10回目のキスの仕方
 はしゃぎすぎたせいもあるのか、帰りの電車の中は眠かった。瞼が重く、落ちてくる。そんな美海の様子を見た圭介はそっと美海の肩を抱いた。幸い人はほとんど乗っていない。

「眠い?寝ていいよ。どうせ終点だから。」
「大丈夫…です…。」
「無理しなくていいよ。ちゃんと起こすし、連れて帰るから。」
「だ…大丈夫ですって…。眠く、ありません。」
「いいから寝る。」
「うわ!」

 さっきまで美海の肩を抱いていた圭介の大きな手が美海の目の上に回った。視界が真っ暗になる。

「はい、おやすみ。」
「こんなことされたら本当に寝ちゃいます…。」
「だから寝ていいって。」
「初めてのデート…なのに、寝ちゃうとか…。」
「…なるほど。そこが気になってたか。」
「え?」
「…じゃあ、代案。美海が眠くなくなったらデート延長戦。だから早く寝て、元気になって。」
「延長戦…ですか?」
「うん。だから今は寝て。」

 魔法のようにじんわりと染み渡る圭介の低い声。その囁きに瞼は抗えなかった。


* * *

 すぅっと力が抜けた身体が自分の方にもたれかかってくる。

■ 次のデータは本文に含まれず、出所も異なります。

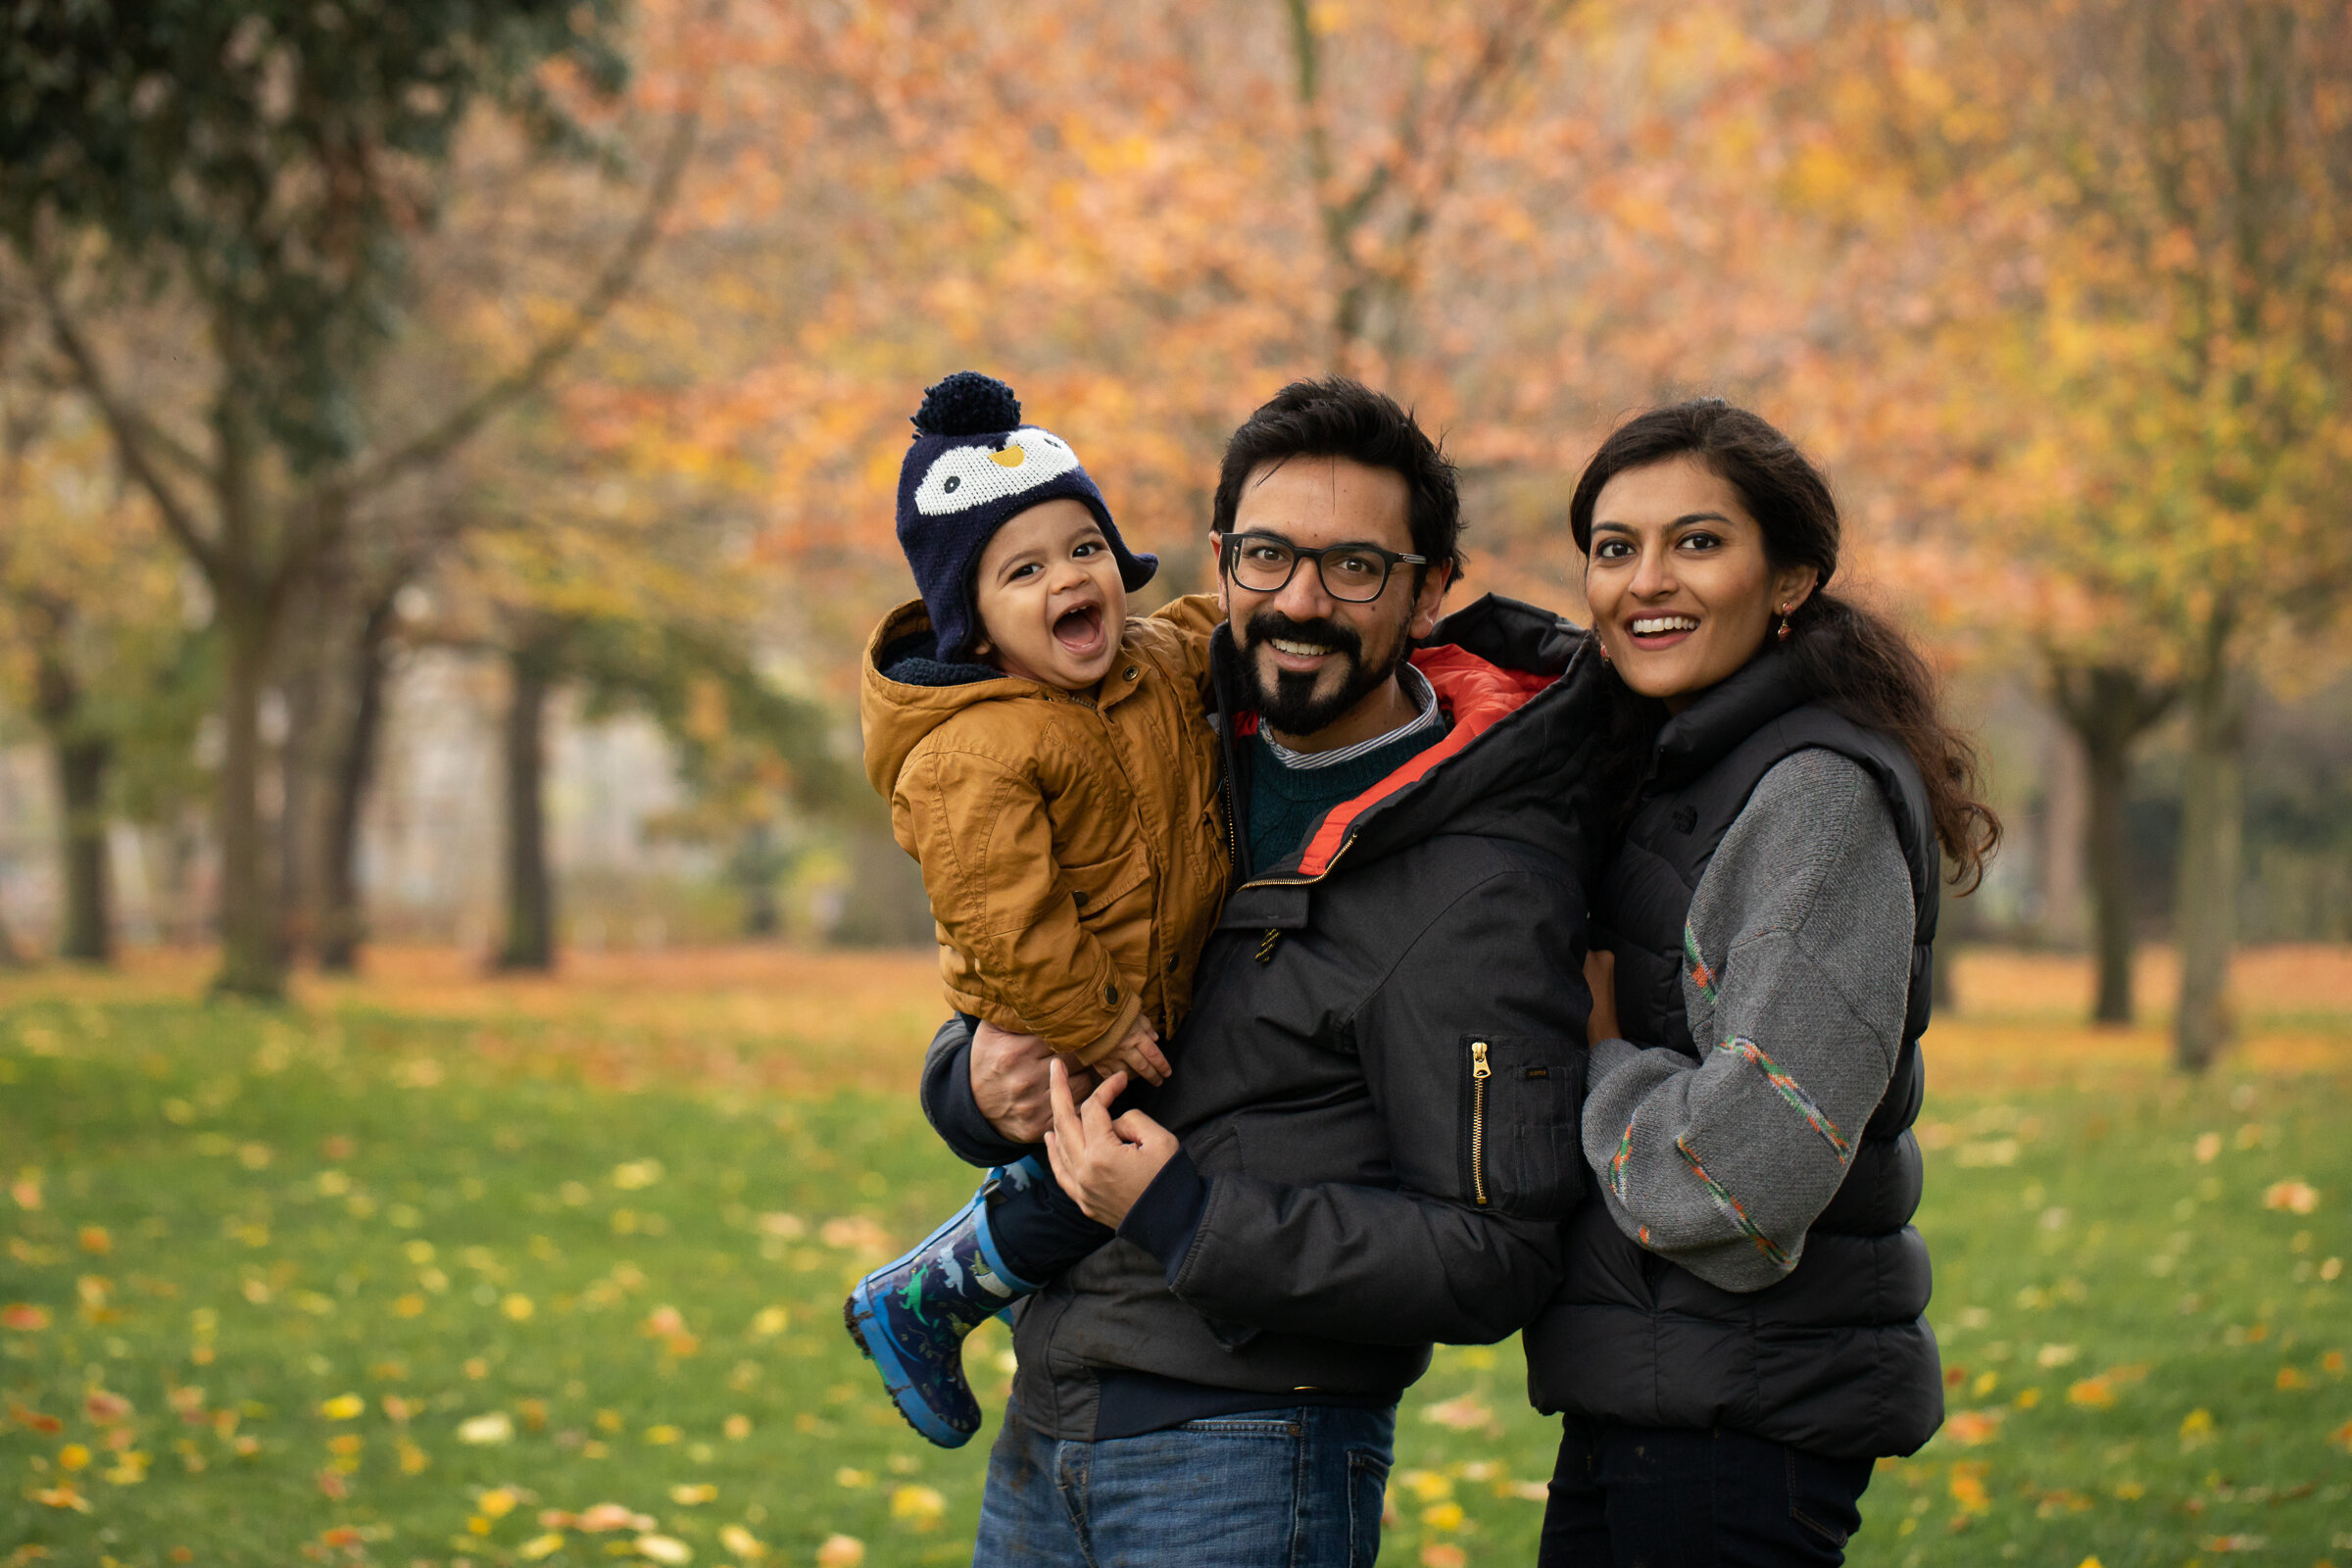 autumn-colours-outdoors-family-photo-london-hackney.jpg

あどけない寝顔を浮かべた彼女の唇をそっとなぞった。きっと起きているときにこんなことをすれば、身体を強張らせるだろう。
 唇までのハードルは高かった。それこそ彼女との出会いを思い出す。彼女は泣いていた。ファーストキスを奪われたことを。あれはキスとは呼べないものだったはずだけれども。(もちろんそう思いたい願望も入っていることは否定できない。)

「はぁ…難しい。」

 攻めていけばそれでほだされてくれるような人じゃない。ようやく少しずつ開いた扉を閉じさせることだけはしたくない。そう思えば臆病になり、臆病になった自分にげんなりする。
 しかし延長戦を言い出したのは自分だった。延長戦の間に、少しだけ、彼女との距離を縮めたい。そう思って、しばらくは彼女の寝顔を見つめることにした。